Transnistrian KGB accuses a high school student for “terrorism”

KGB of Tiraspol

Alexandru Bejan, a high school student was forced in January 2012 by the KGB authorities in Tiraspol (the so-called capital of Transnistria) to transcribe the content of an unknown letter in Russian. Later, on February 29, 2012, two KGB officers kidnapped him from high school during a break. They took him into a car and brought him to the headquarters of KGB in Tiraspol. The student was forced then to “recognize his wrongdoing on committing a terrorist act.” They told him that if he will not confess, he was to be brought to ‘militia’ and then beaten up, or imprisoned for 16 years. KGB officials threatened him for six hours and blackmailed him, the student risking to spend three years in the illegally established prisons from Transnistria.

Alexandru Bejan told Moldova.ORG that he was forced to assume the plaint, being daunted.

“In 2009 when I came to Tiraspol from my hometown for study purposes I have experienced only one incident. An acquaintance of mine got into a fight with an inhabitant, but I was detained and offered evidence, and later convicted for “hooliganism.” That’s all. I have neither understood why I was on the list of those suspected, nor do I understand the results of their examination because I have never written a threatening letter,” Alexandru Bejan said.

The investigation was started in April 2011 by the so-called Minister of Interior from Tiraspol. Several under aged students were questioned. Most of them were intimidated and forced to transcribe unknown texts on separate sheets of paper. After that the letters were examined and later was “proved” that Bejan’s handwriting was similar with the one from the letter with the threat. This way, Alexandru Bejan was accused of “terrorism” and forced to report himself.

“Alexandru was under aged at that moment and was not heard under the international regulations regarding the juvenile justice,” attorney Alexandru Zubco of Promo-LEX association said.

There are many human rights violations in Transnistria every year. Although the international community tries to get involved in such cases, they do not succeed to come up with concrete results due to the powerlessness to force the Transnistrian authorities to take some specific actions.

Transnistria is an internationally unrecognized entity proclaimed in Tiraspol on September 2, 1990, initially styled the Moldavian Transnistrian Soviet Socialist Republic. Currently known as the Moldavian Transnistrian Republic, this breakaway entity consists of a narrow strip of land (180 km by 32 km) nestled between the east bank of the Nistru River and the border of Moldova with Ukraine, on a small part of what used to be, between 1924 and 1940, the Moldavian Autonomous Soviet Socialist Republic.

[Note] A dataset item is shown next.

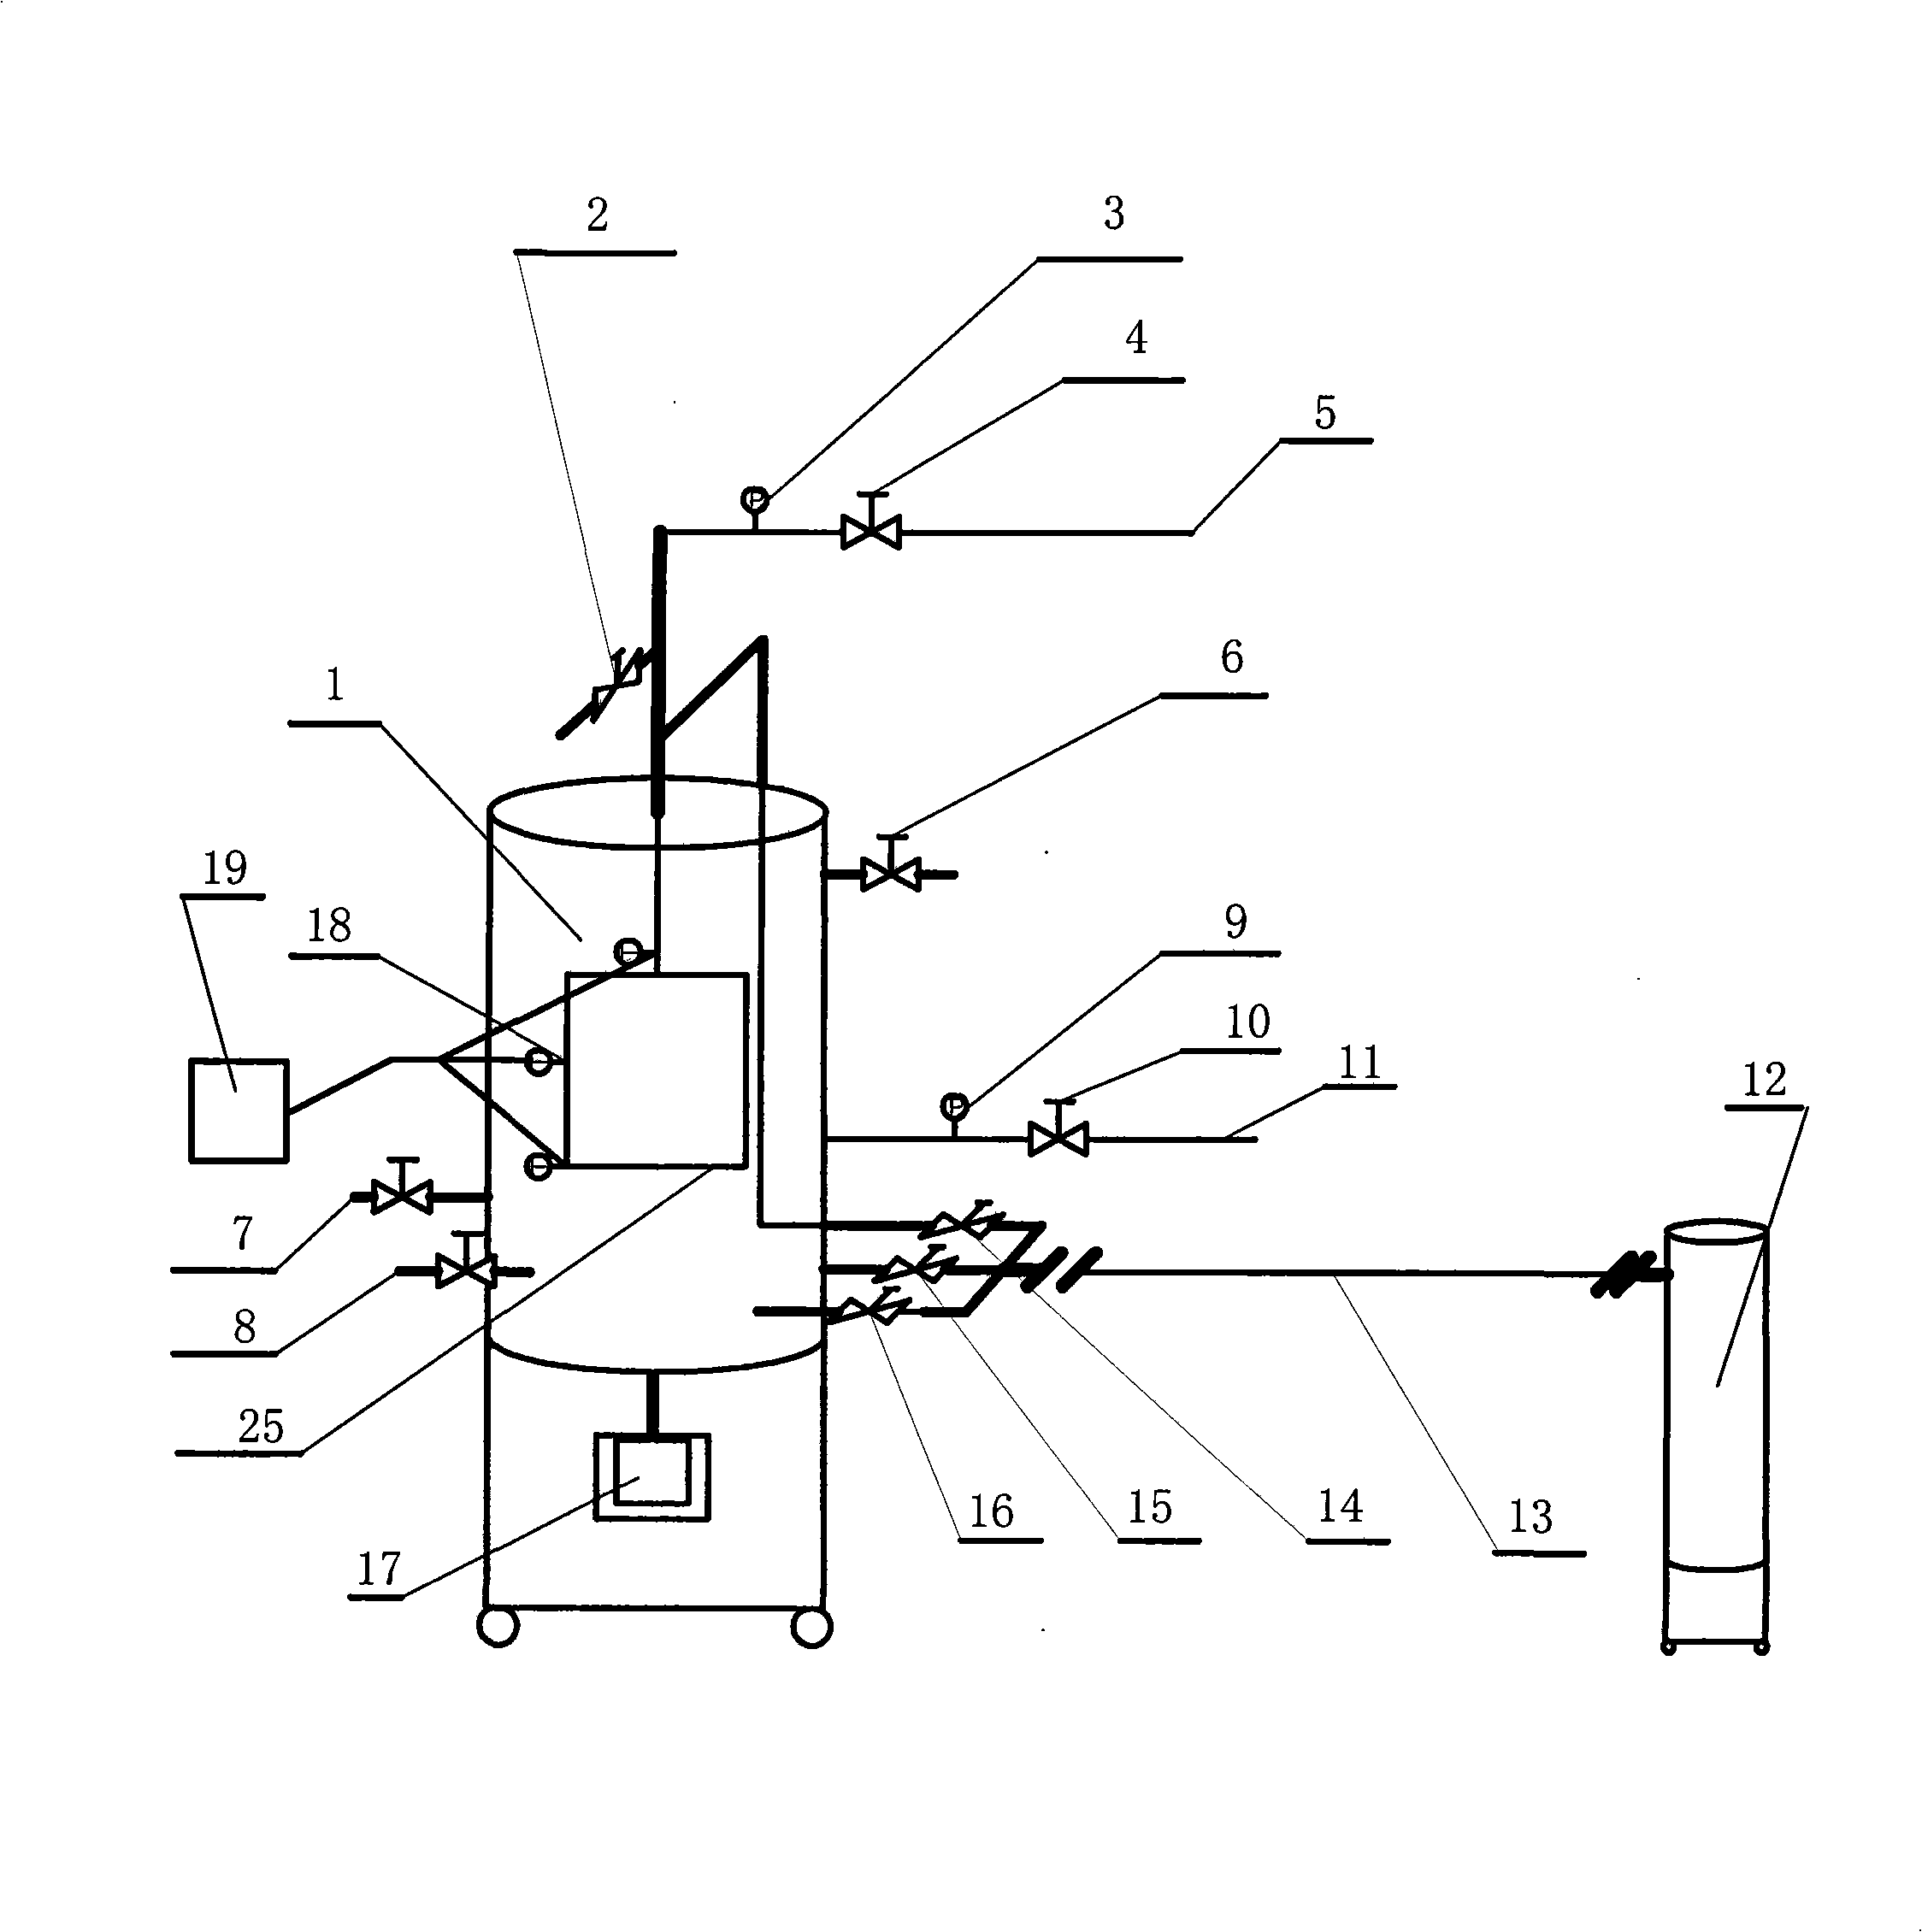 Rarefaction air condensing trapping device with liquid nitrogen suction refrigeration

In 1992 escalated a conflict between Moldova and Russia over this territory. A cease-fire was signed the same year by president of Russia Boris Yeltsin and president of Moldova Mircea Snegur. An agreement to withdraw all Russian forces from the trans-Nistrian districts of the Republic of Moldova was signed by Moldovan Prime Minister Andrei Sangheli and Russian Prime Minister Victor Chernomyrdin in 1994. It stipulated that the 14th Army was to leave the Republic of Moldova within three years, but the agreement was never ratified by the Duma, Russia’s legislature.